--- Data in this exercise ---
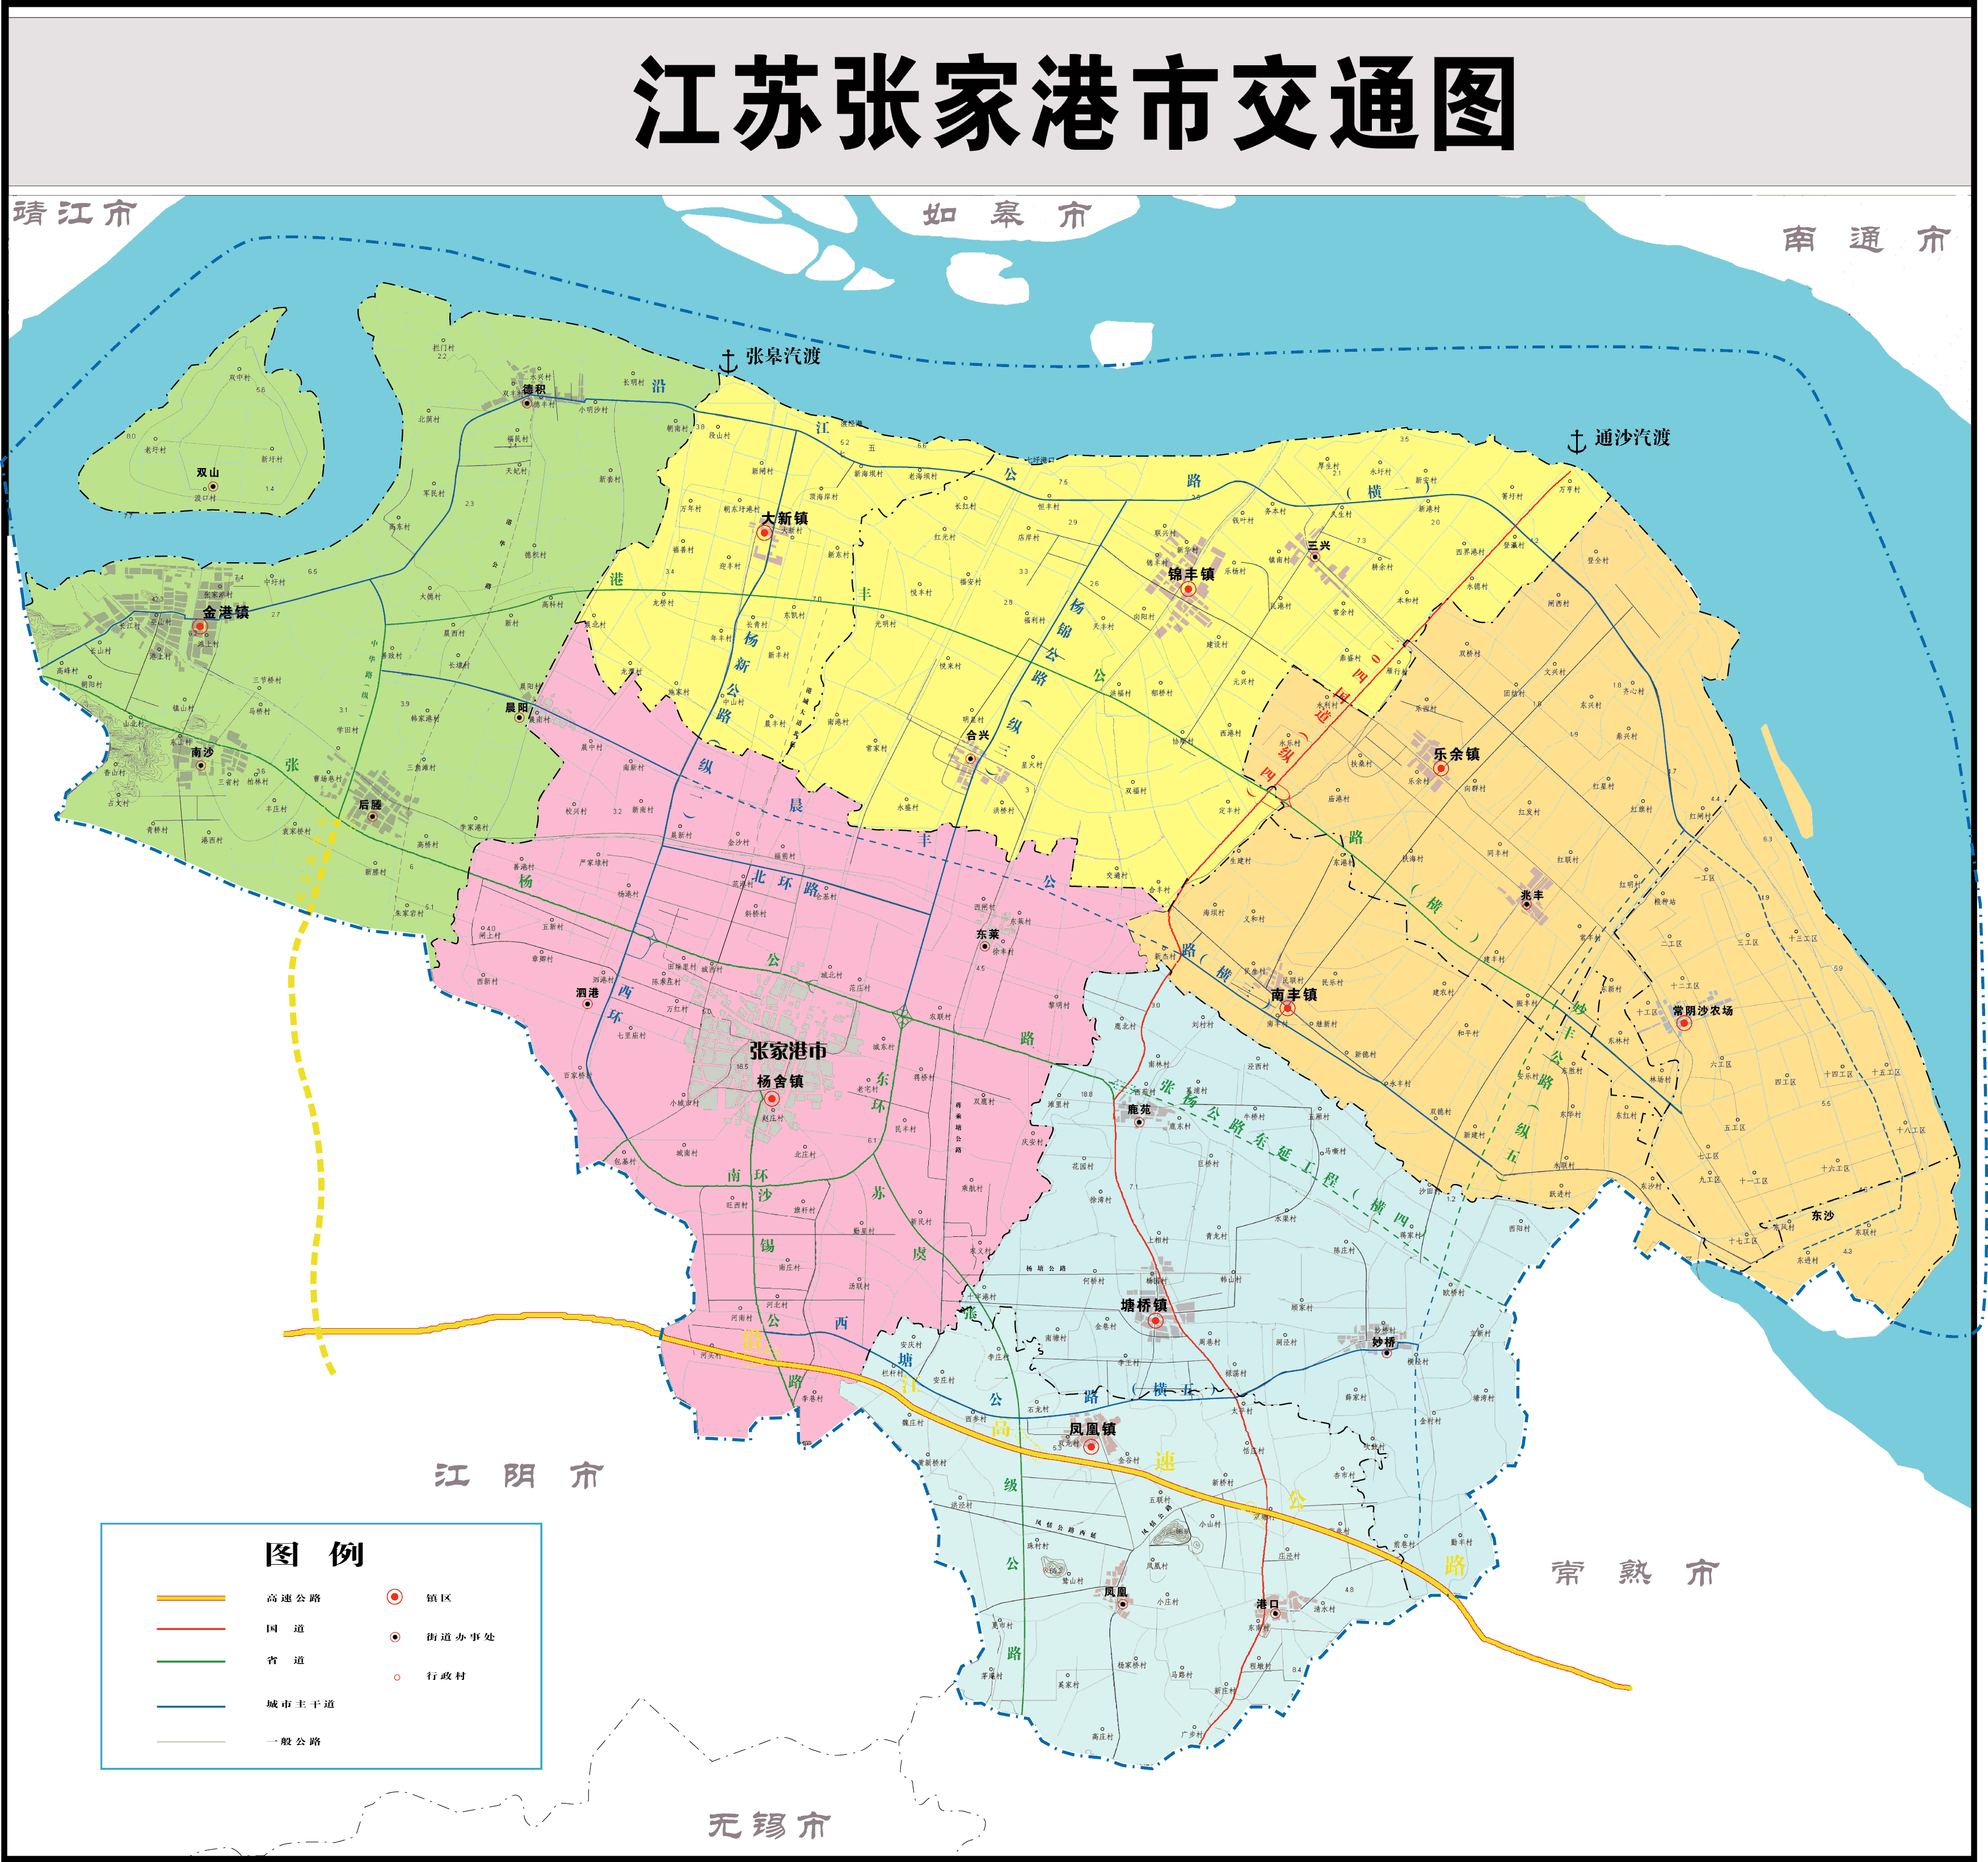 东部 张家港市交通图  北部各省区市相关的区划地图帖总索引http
---
--- Data in this exercise ---
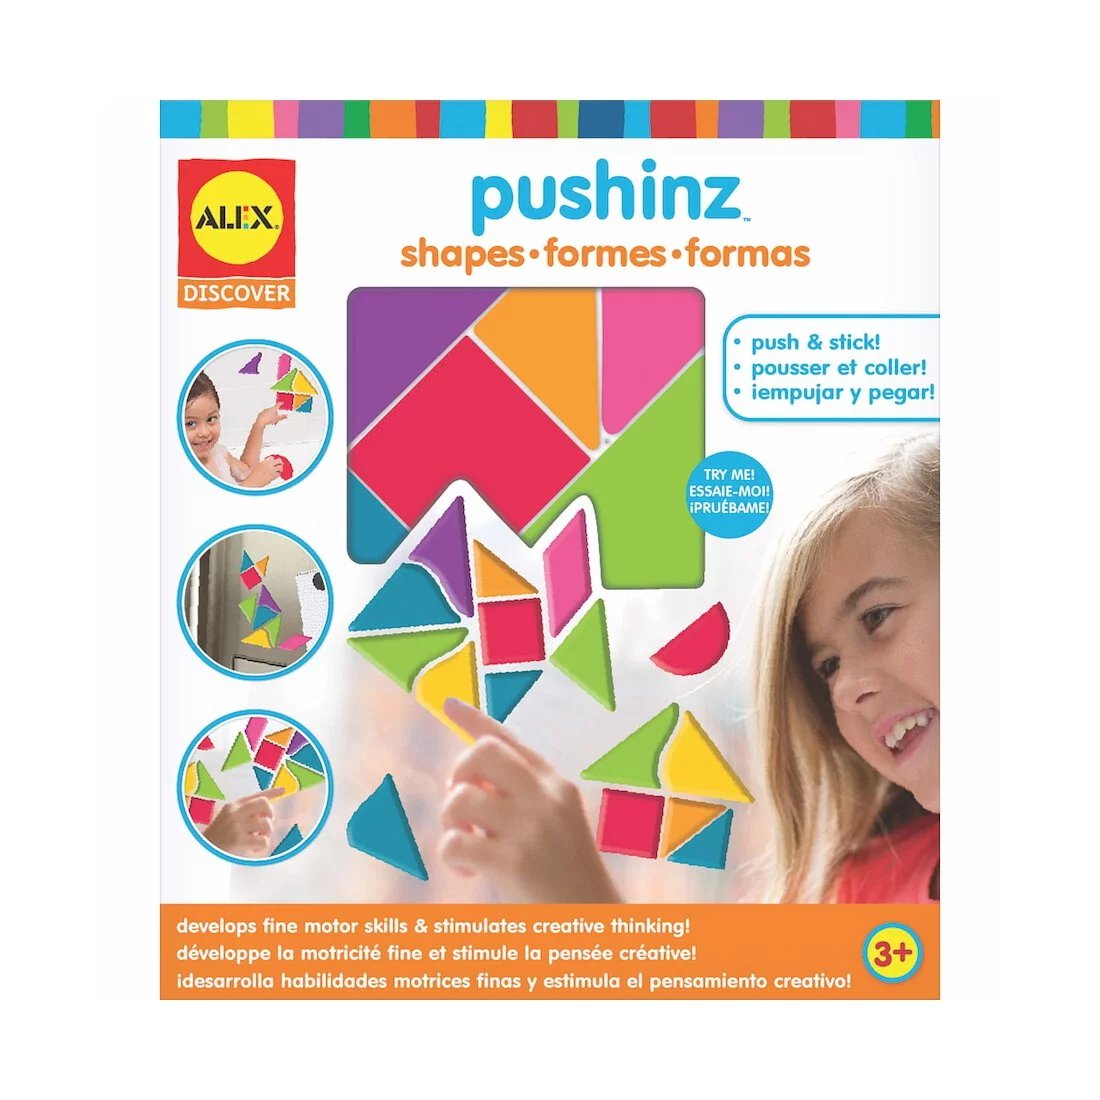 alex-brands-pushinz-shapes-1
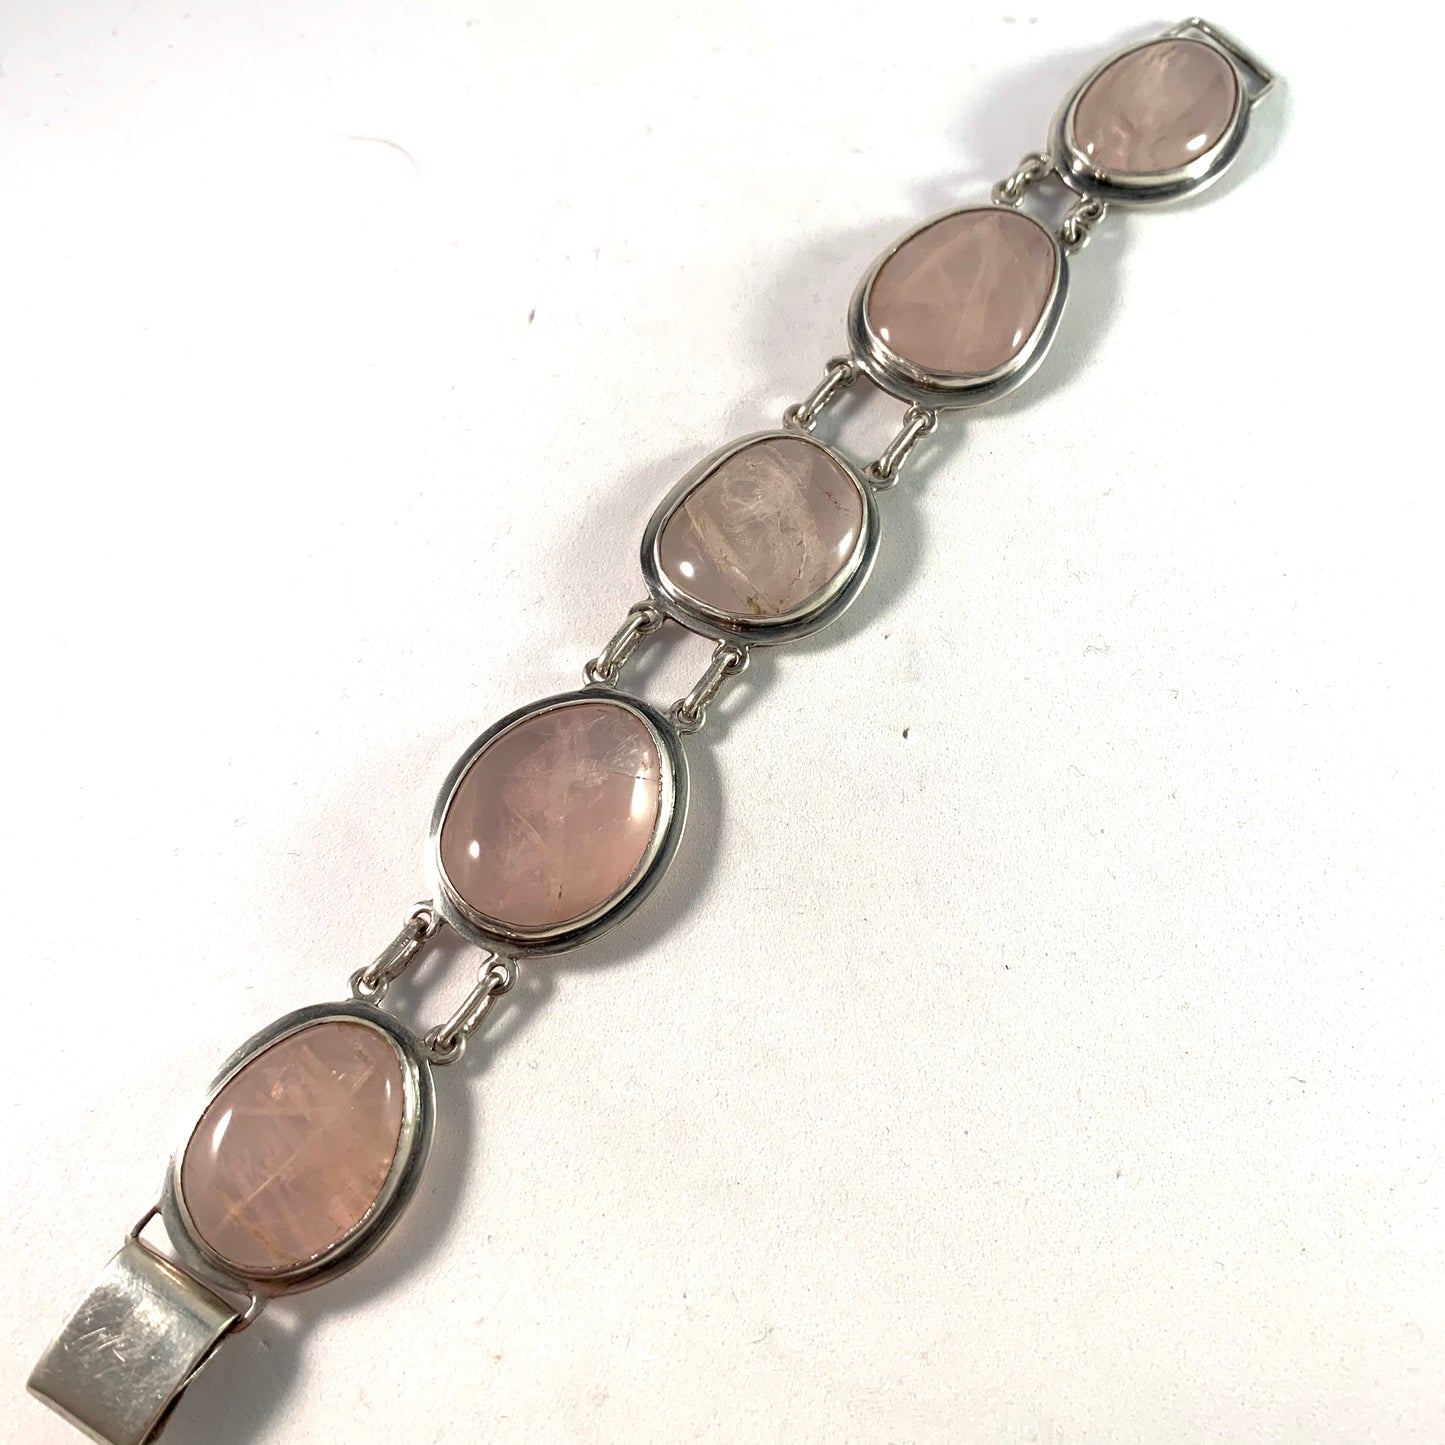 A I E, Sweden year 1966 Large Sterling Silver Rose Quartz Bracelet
---
--- Data in this exercise ---
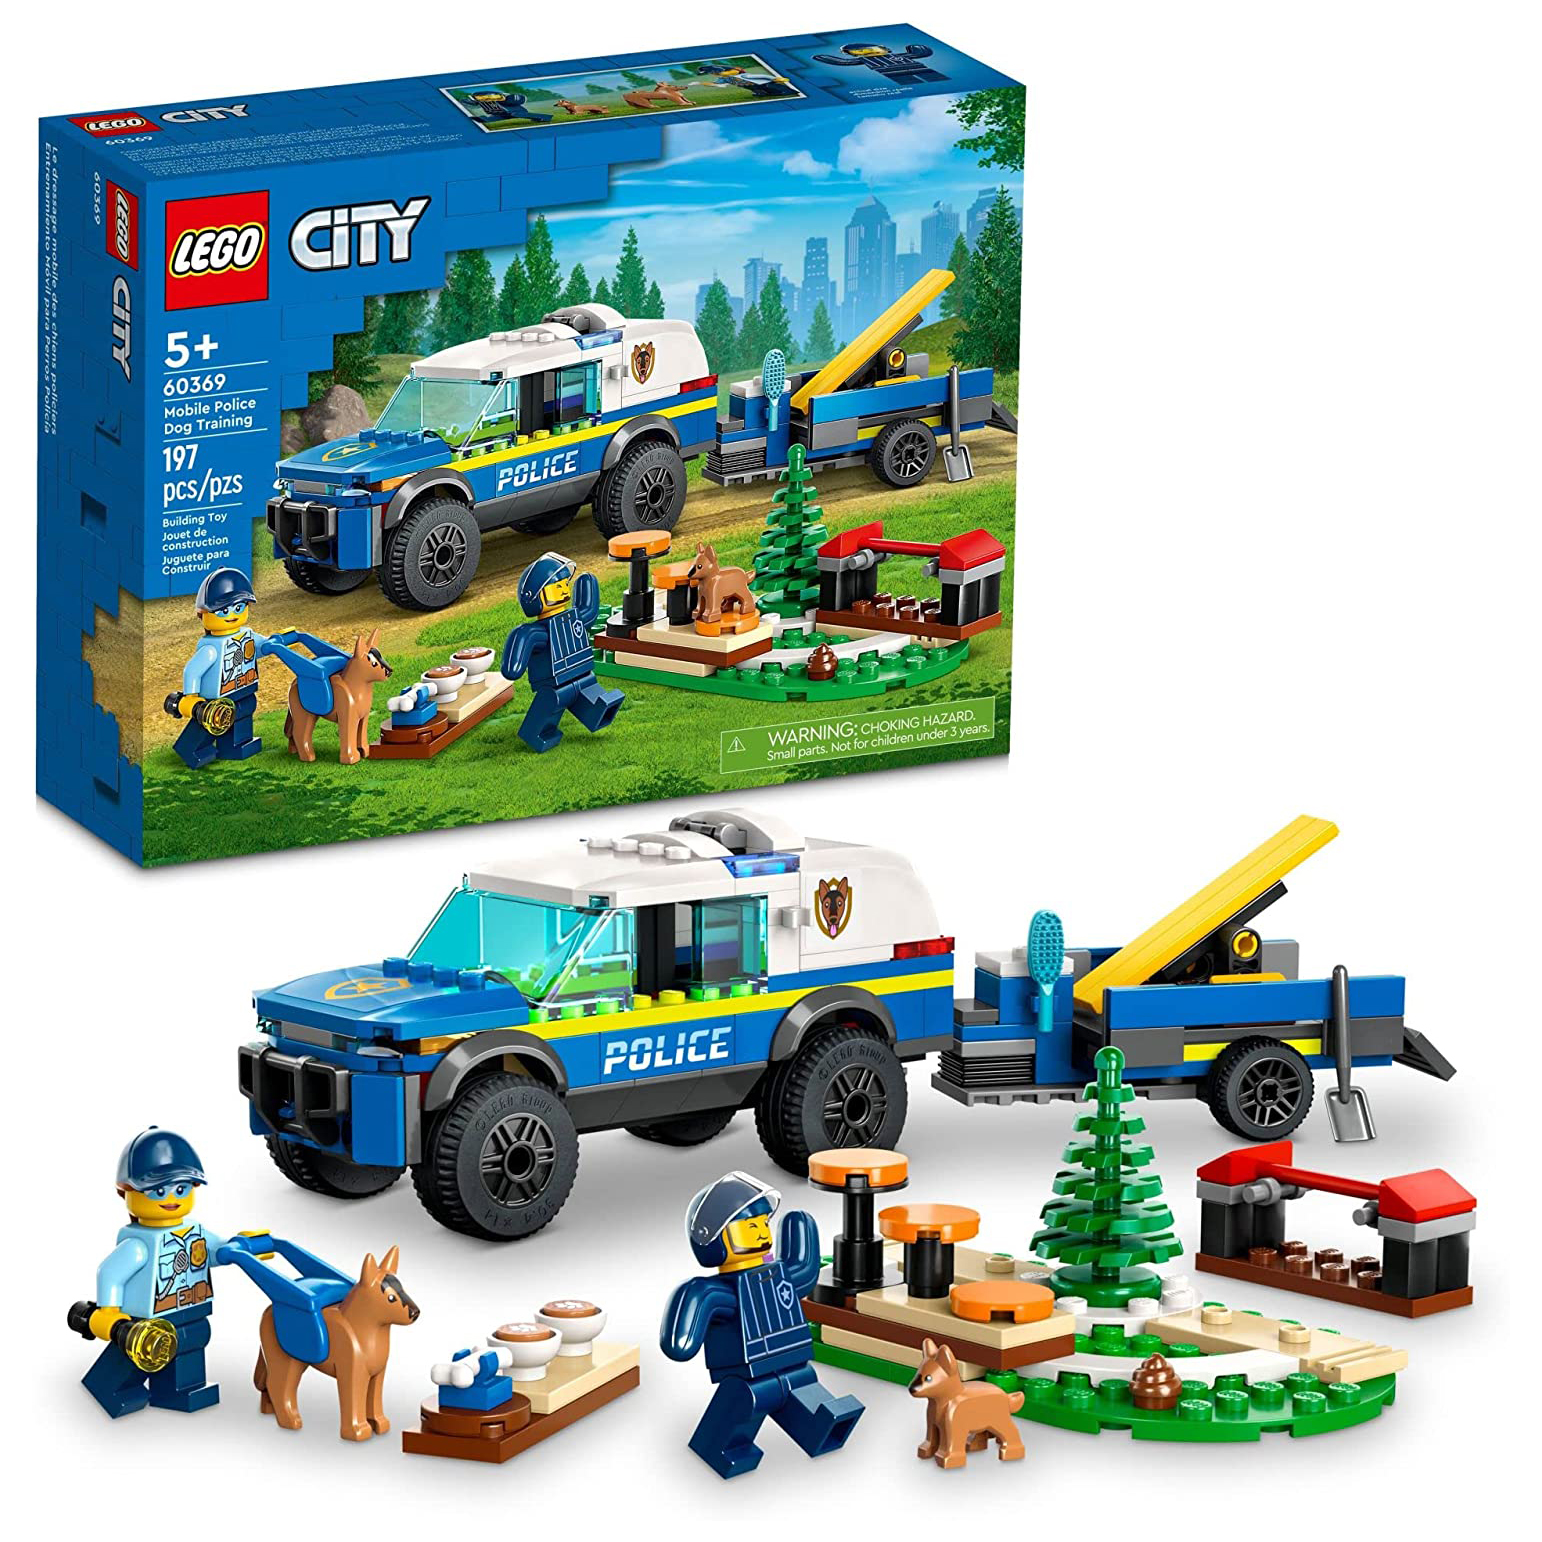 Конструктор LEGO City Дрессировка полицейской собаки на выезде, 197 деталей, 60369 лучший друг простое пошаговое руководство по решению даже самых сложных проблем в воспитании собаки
---
→ What this task involves
Write out word for word the lines of the listing above from the line with "alex-brands-pushinz-shapes-1" to the line with "A I E, Sweden", taking in both of those lines but no pictures.

→ Output
 alex-brands-pushinz-shapes-1
 A I E, Sweden year 1966 Large Sterling Silver Rose Quartz Bracelet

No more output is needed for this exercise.